For this reason we make use of axe-core axecore, a rule-based automated accessibility testing engine. The fact that Axe is rule-based makes it easily extensible, as the only requirement for implementing new automated accessibility tests is to implement a few new rules, and flexible, as we can decide which tests should be run at any given time and how results should be presented. In addition, this tool is highly popular in the accessibility community, the company behind its development is authoritative and reliable and many professional solutions by tech giants like Google and Microsoft rely on it.

Let's consider a simple example. WCAG 2.1 states that a color contrast of at least 4.5:1 for small text or 3:1 for large text is appropriate, even when the text is part of an image, to ensure it is readable by users with low vision or color blindness (success criterion 1.4.3). Enforcing conformance to this rule within the framework, i.e. during the generation of the markup, would be easy, yet pointless: many factors will affect the color scheme of an element, including the loading of external resources (e.g., images), conditional styling, and even browser defaults. The perfect time to perform such checks is therefore not statically on the markup, but at runtime, after the page is loaded in the browser, all CSS styling has been applied and all external resources have been fully loaded. Static testing of the markup in the fully dynamic world of modern web design is basically futile.

The Axe library already provides this rule and many others out of the box, but it is the runtime of our framework that is responsible for running it at the most appropriate moment within the page/app lifecycle (e.g., after the loading process is completed, after new content is inserted, or existing content is deleted, or replaced, etc) and translate its results in a form suitable for our examination. In particular, the default test results from Axe include a selector pointing to the DOM element that failed it, but do not highlight it in any way: it is the responsibility of our framework to parse these results and show the violations reported using the same mode and styles of accessibility issues ascertained statically in the markup generation phase (e.g., highlighting the visual rendering of the component to facilitate the developer understanding the issue and how to act upon it). This offers a consistent experience for the developers, and maximizes the usability of our design tools.

Another important concern for our testing tools is the so called "zero-false-positives principle": if something is reported as an accessibility issue, it must be an accessibility issue. There are times when something that looks like an accessibility issue (for instance, an image with an empty alt text) is not actually an accessibility issue (the image is decorative), thus automated testing in this regard may bring uncertainty on the table. In order to be reliable and trusted by designers, our tools should never report false positives. While automated testing on a bare HTML page is not able to discriminate such situations, our framework is in a good position to do so: in a truly "declarative fashion", decorative and content images are represented by different components, in order to have all the information necessary to disambiguate the situation at runtime. The img element is a good example of an HTML tag that is overloaded with many possible semantics, an evidence that the cooperation between a declarative framework and an automated runtime testing tool makes the overall result more reliable and less prone to ambiguity.

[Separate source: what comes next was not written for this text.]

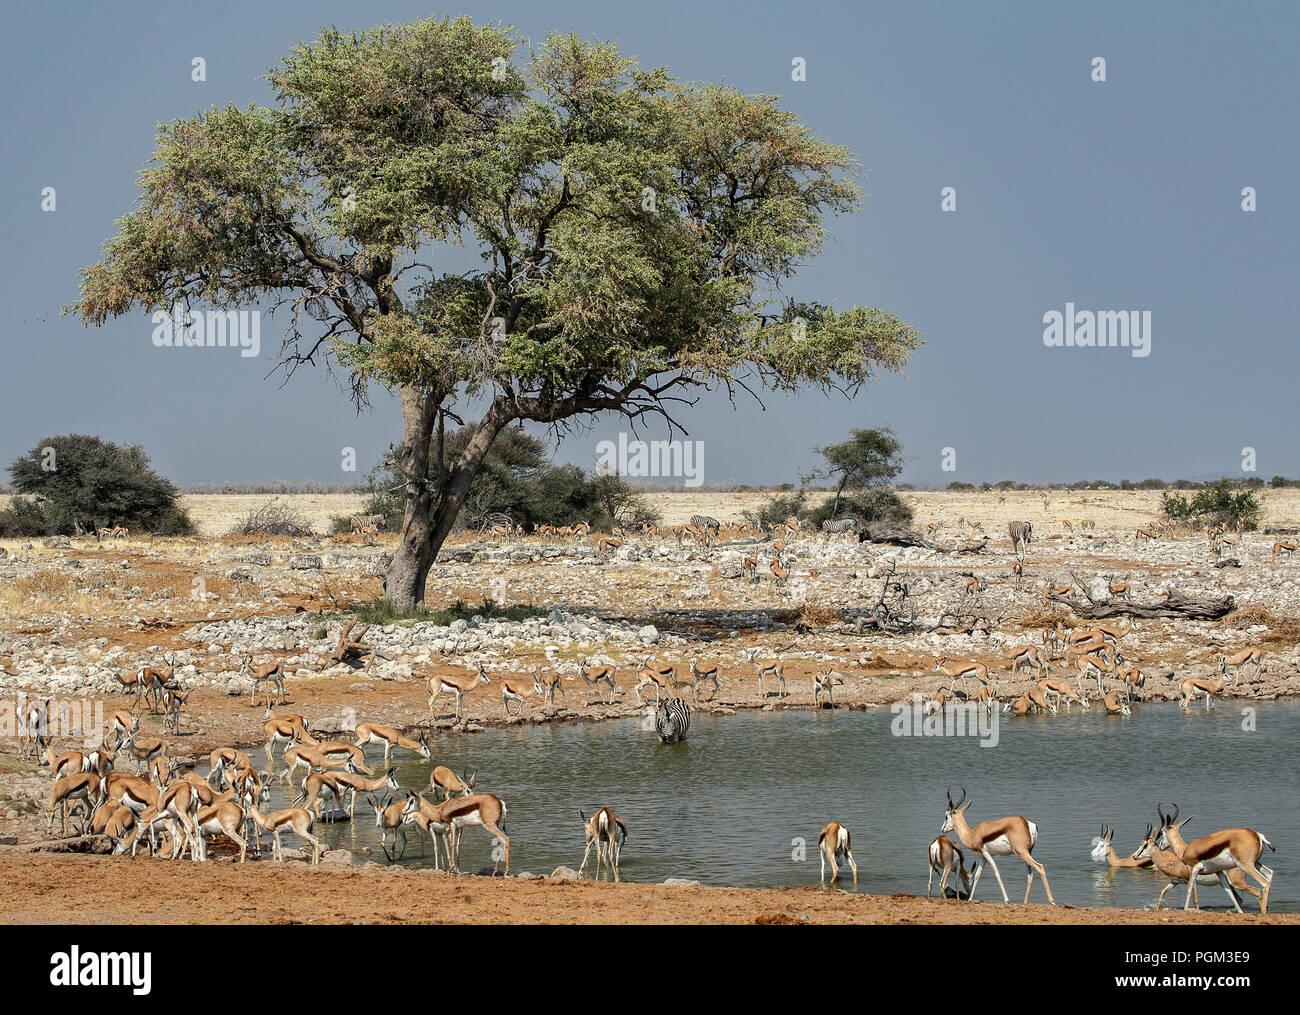 Herd of Springbok - Antidorcas marsupialis - drinking at Okaukeujo waterhole in Etosha, Namibia. Large tree in background. - Stock Image

Eventually, whenever an accessibility error is detected (regardless of whether it was done by the components of the declarative framework during the markup generation phase, the automated testing tool or the manual accessibility visualizer), it should be reported prominently to the designer; the final goal of our system is to make it impossible for clear accessibility issues to end up unnoticed.

Finally, there is another aspect about accessibility testing tools that is worth discussing. More often than not, such tools report the line number of the source code that contain the error. We believe this is not the most effective representation to let non-disabled people perceive the impact of accessibility issues on people with disabilities; not only the source for runtime problems may be the result of several independent and apparently harmless bits of code spread in the HTML, CSS, Javascript and any of the various libraries being imported: the real need for a sighted designer is being informed of the impact on disabled users that the problem is causing in a manner that make these issues easier to grasp (such as the visual appearance of the page) without looking up additional documentation or external resources. This is the reason why components provided by our framework are designed so as to "visualize" accessibility issues to sighted developers: whenever a code fragment causes an accessibility issue, its visual rendering is altered to let the developer know what the issue is about and perceive its impact on people with disabilities. Once again, this is possible thanks to the abstraction provided by leveraging declarative markup to let the developer describe his/her intentions semantically.

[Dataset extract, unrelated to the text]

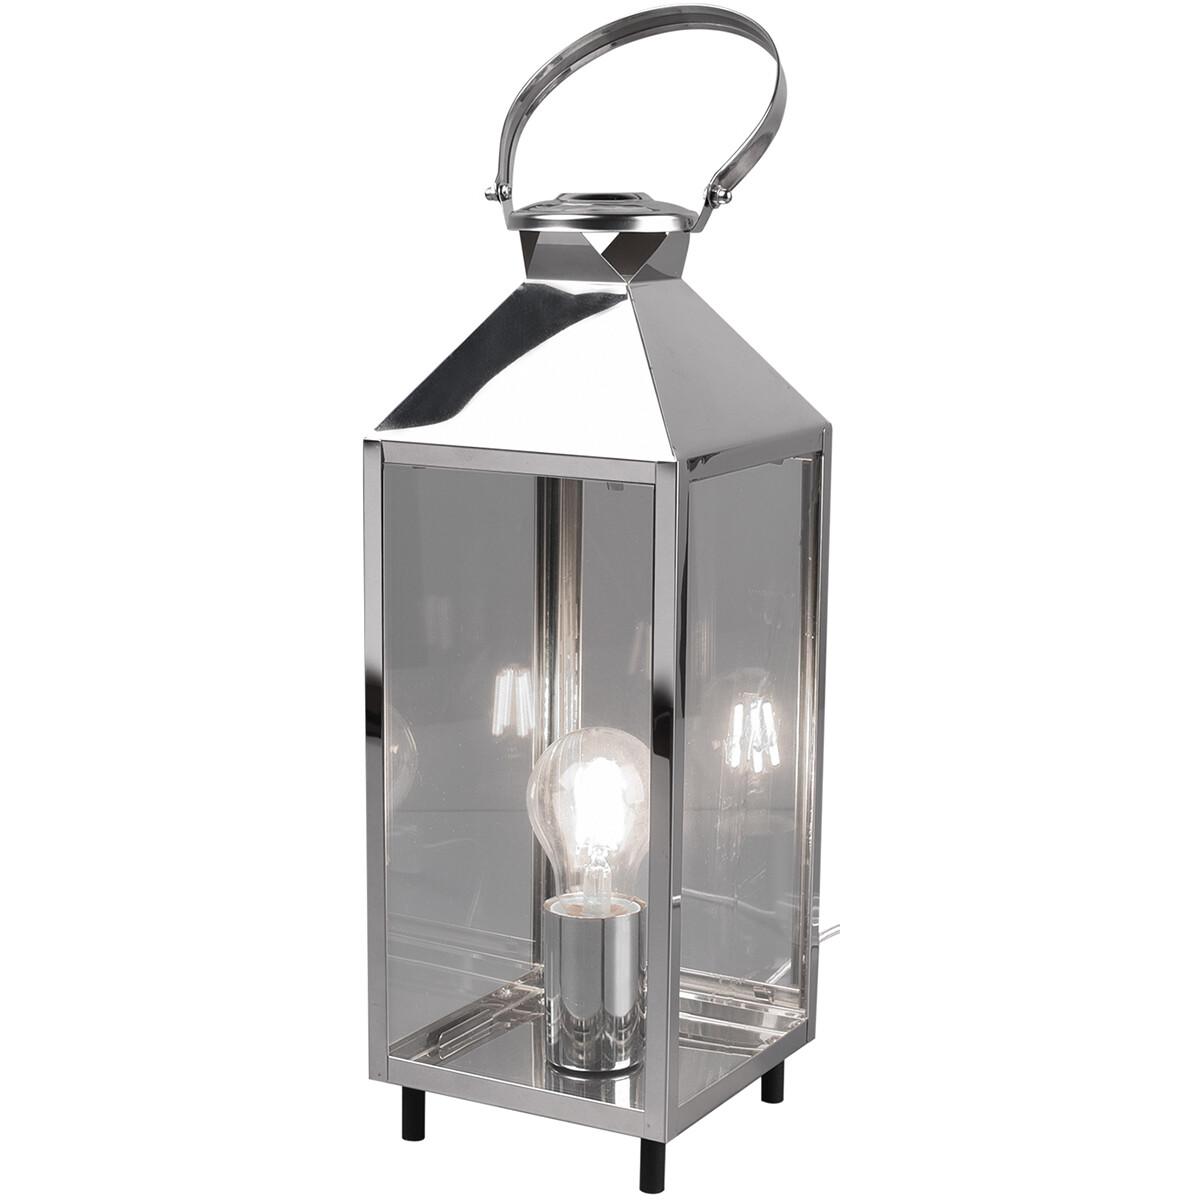 LED Tafellamp - Tafelverlichting - Trion Fala - E27 Fitting - Rechthoek - Mat Chroom - Aluminium

Conclusions and future developments

After trying to explain the main problems that developers and content authors have to face in order to produce accessible content, as well as highlighting the most significant support resources and tools available to assist them in such a complex job, we have described our approach to improve the current situation and facilitate a more widespread creation of accessible content by means of a declarative framework built on top of the existing web technologies, automated accessibility testing and innovative tools to let developers perceive the impact of accessibility issues on people with disabilities in ways they can understand without reading any technical documentation.

We strongly believe that this approach has a great potential in facilitating a more widespread production of accessible web content, as it offers tools to alleviate some of the most significant difficulties that developers, designers and content authors have to face in order to do that with the tools available today. The tools we propose are being implemented with an iterative process to refine and improve them over time, gathering feedback from the community and taking it into account to maximize their impact.

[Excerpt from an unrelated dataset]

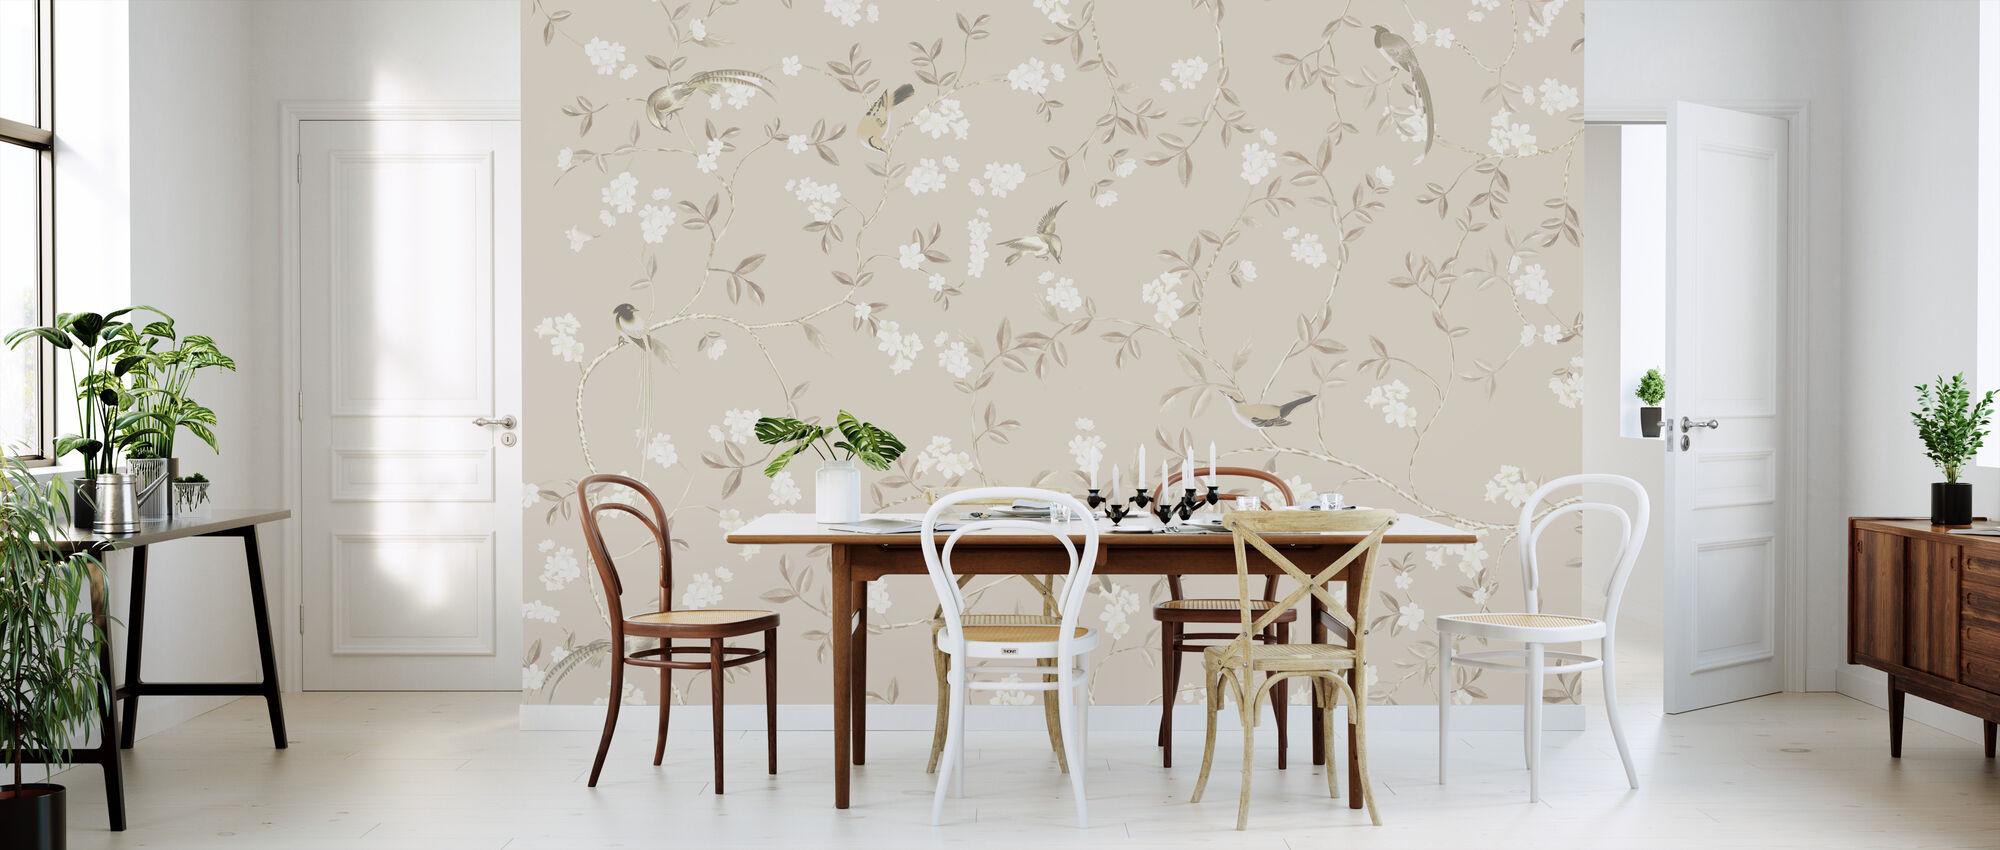 Birds and Flowers - Cream - Wallpaper - Kitchen

But their development opens up many possibilities for further research and provides important questions which as of today are not as easy to answer as they should be. The main purpose of our declarative framework, for example, is to provide components commonly used when developing websites and applications that are accessible by default. But which components should be included in such a set to consider it complete? What are the most commonly used components across web pages? Finding an answer to this question can maximize the impact of our framework, as development may be prioritized by the popularity of (i.e. how necessary are) certain components over the others.

We have described how we intend to offer a tight integration existing automated accessibility tools, so as to provide more accurate tests and facilitate their adoption to ceck for accessibility issues both the markup generated by our declarative framework and parts of a web page or application that are not implemented using it. Currently such tools have technical limitations that influence their efficacy, but could they be improved to open up new horizons for automated accessibility testing? With artificial intelligence and natural language processing techniques, which are promisingly arising in recent years, we believe there is a potential for such improvements that deserves being explored.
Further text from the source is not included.